Case ID: nys_111/html/0050-01.html
Source: Caselaw Access Project
Author: {"author": "GAYNOR, J.", "license": "Public Domain", "url": "https://static.case.law/"}
Date Created: 2024-08-24T03:29:51.129683

ZAJDAK v. LISBON FALLS FIBER CO.
    (Supreme Court, Appellate Division, Second Department.
    June 5, 1908.)
    Master and Servant—Injuries to Servant—Actions—Question for Jury— Negligence.
    In an action by a servant for injuries inflicted by a defective pulp machine, whether the servant, who had informed the foreman of the defects and been promised repairs, was negligent in continuing at the work, held to be for the jury.
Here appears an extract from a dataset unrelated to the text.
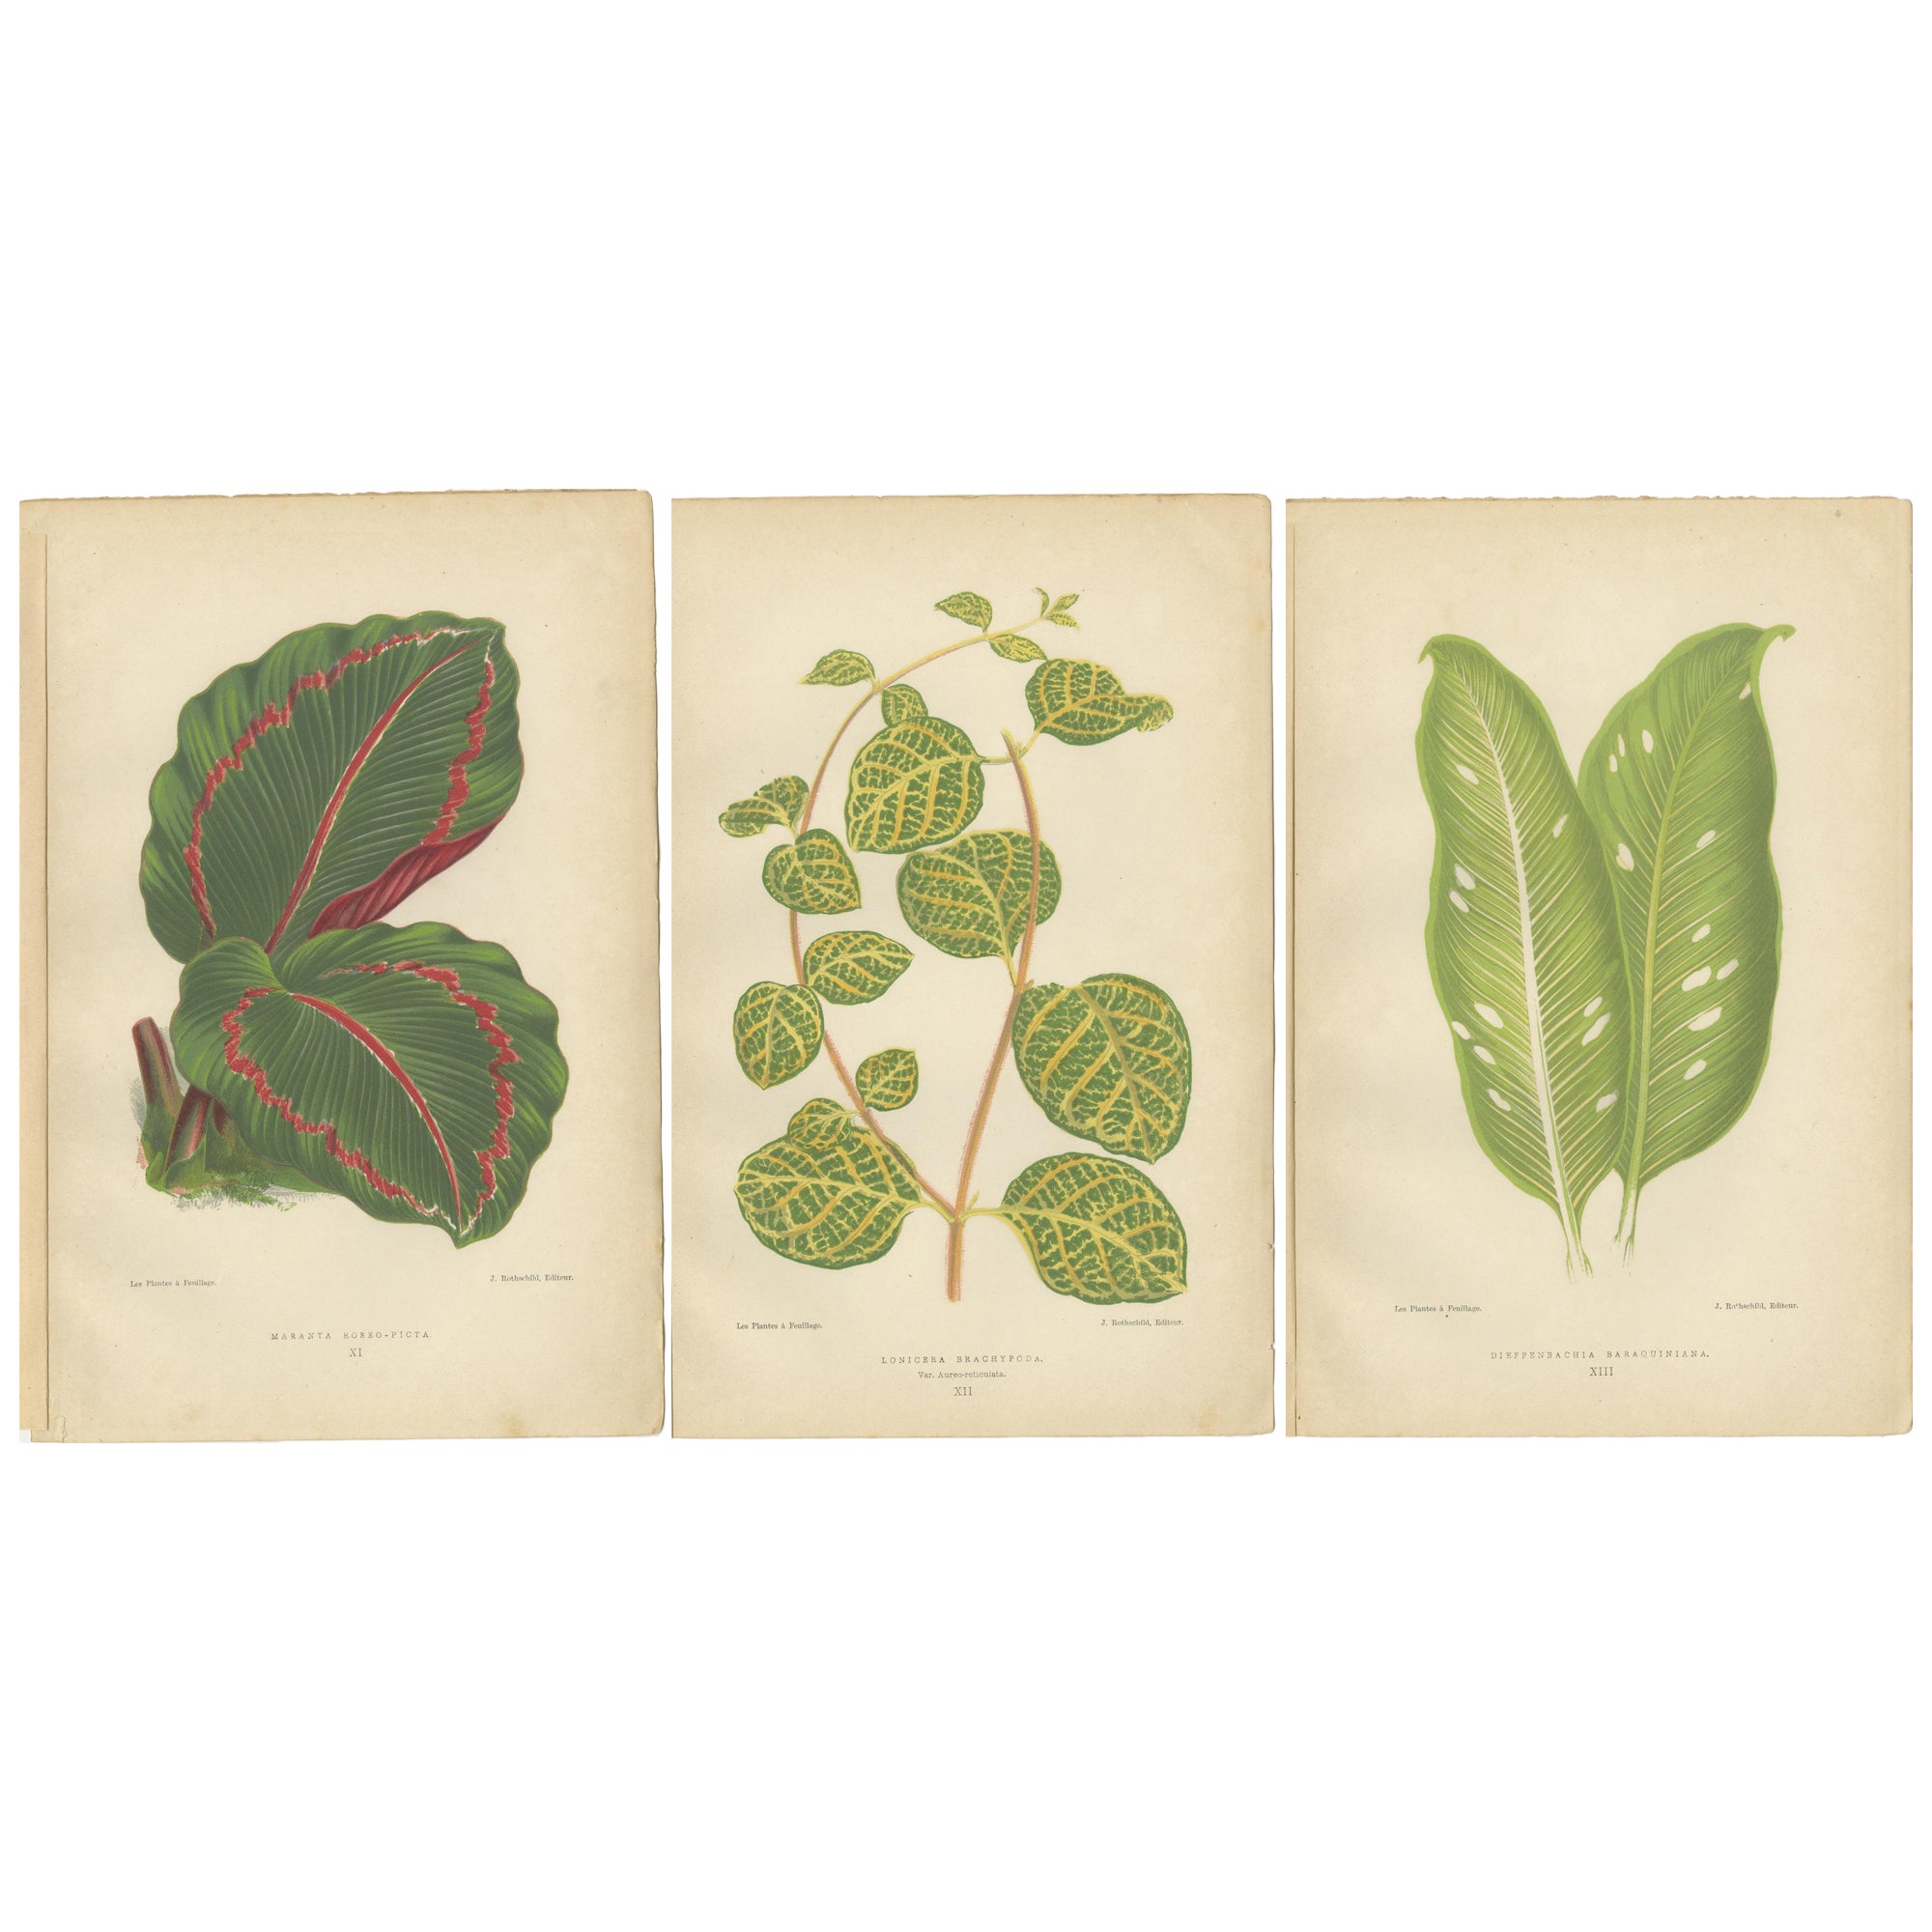 Vibrant Elegance: Botanical Illustrations of Foliage from 1880 Paris For Sale

    [Ed. Note.—For cases in point, see Cent. Dig. vol. 34, Master and Servant, §§ 1089-1132.]
    Appeal from Trial Term, Queens County.
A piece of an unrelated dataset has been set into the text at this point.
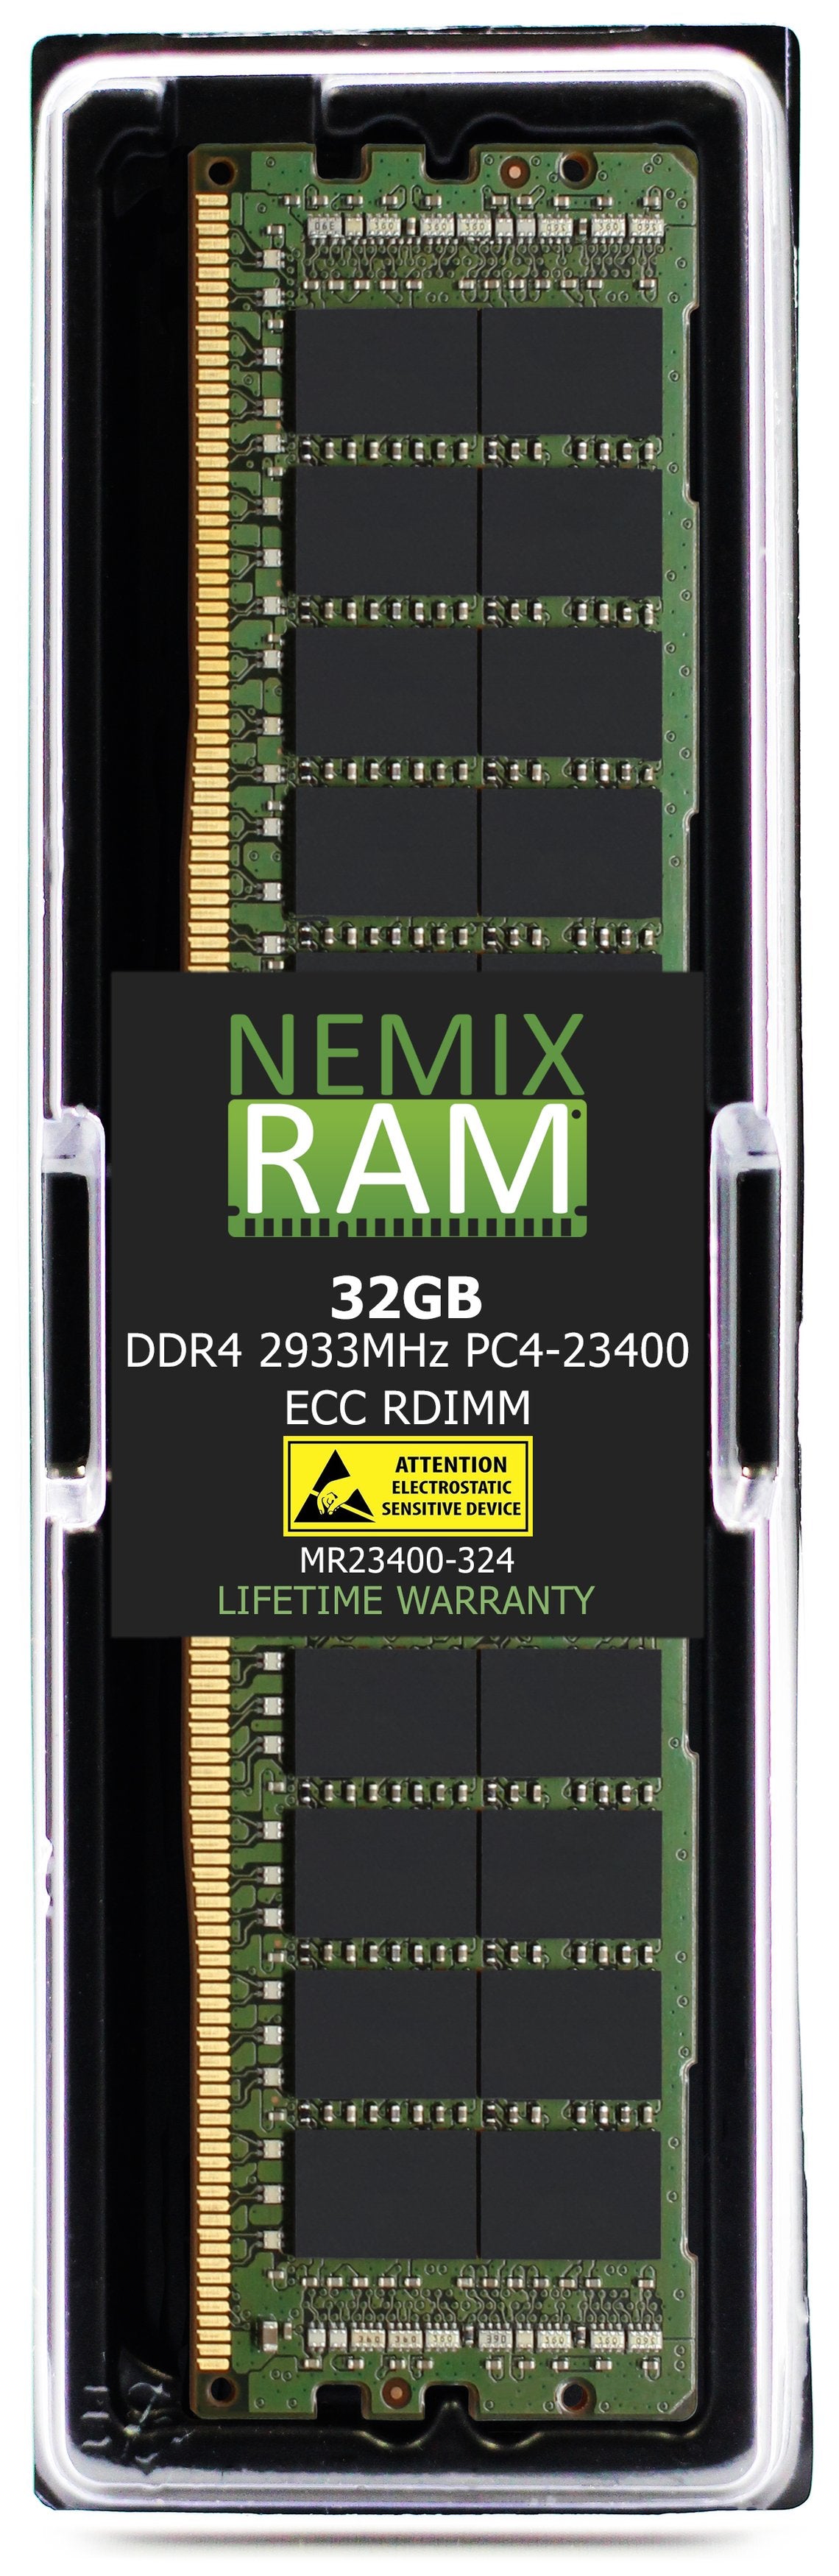 32GB DDR4 2933MHZ PC4-23400 RDIMM Compatible with Supermicro MEM-DR432L-SL03-ER29

    Personal injury action by Steven Zajdak, an infant, by Joseph Zajdak, his guardian ad litem, against the Lisbon Falls Fiber Company. There was a judgment of nonsuit, and plaintiff appeals.
    Reversed.
    Argued before JENKS, HOOKER, GAYNOR, RICH, and MILLER, JJ.
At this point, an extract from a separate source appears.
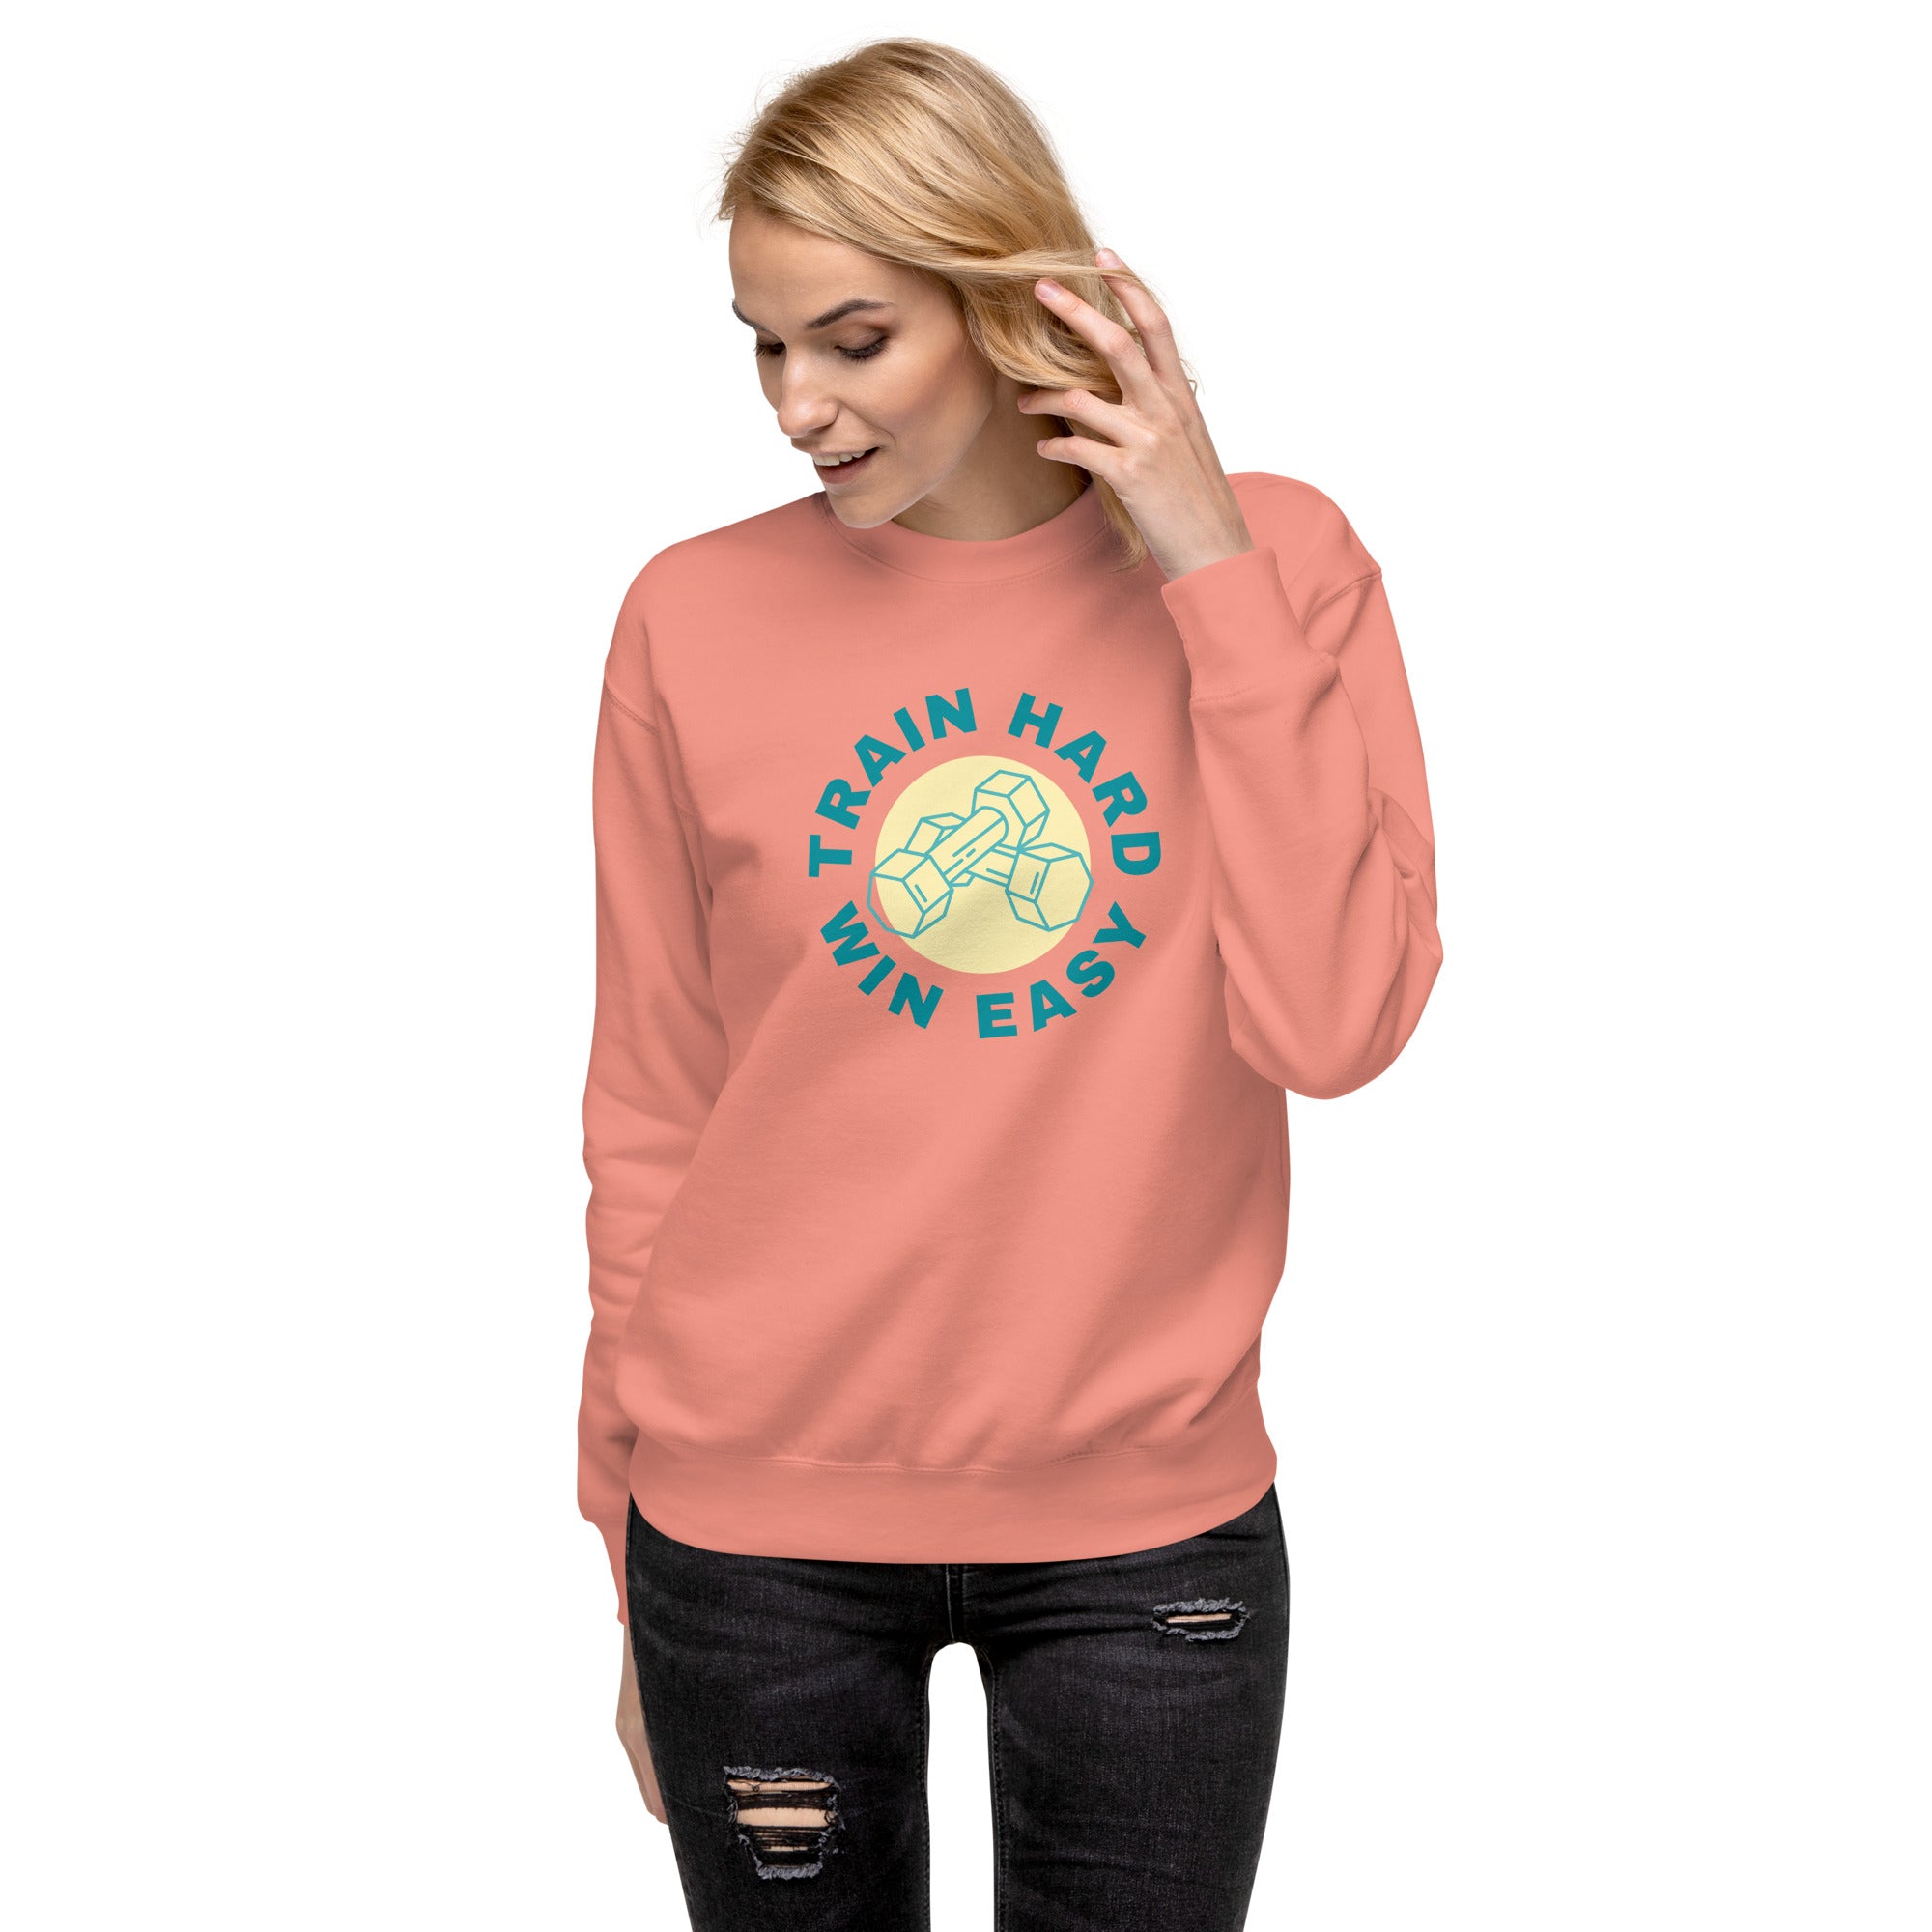 Train Hard Win Easy Women's Premium Sweatshirt

    Ira B. Wheeler, for appellant.
    G. Glenn Worden, for respondent.
   GAYNOR, J.

The work of the plaintiff in the defendant’s pulp mill was to stand at the rear of a pulp machine with a stick in his hands, and taking it by one end draw the other end, which was pointed, along a roller from end to end, and in that way clear the roller of constantly accumulating pulp. Some holes had worn in the roller, and the stick would get caught in them, and in that way it would be suddenly drawn forward, and the plaintiff with it, unless he let go of it or could pull it out, as the roller, which was parallel to him, revolved away from the plaintiff. The plaintiff called the attention of the foreman thereto, and he said the roller would be repaired. The stick afterwards got caught in one of the holes and as he was suddenly drawn forward and let go of it his foot slipped on the floor and he fell into the machine aud was hurt. The learned trial judge held that the cause of the fall was the slip, and nonsuited on that ground. But it was a question of fact whether the predicament of the stick was not the cause of the slip, and if it was, it, and not the slip, was the proximate cause of the fall. That the floor was wet, as it necessarily was constantly, does not matter ; it still remains that the cause of the slip was the pulling forward of the stick. The question of contributory negligence in continuing at the work was for the jury.

The judgment should be reversed.

Judgment reversed, and new trial granted; costs to abide the event. All concur.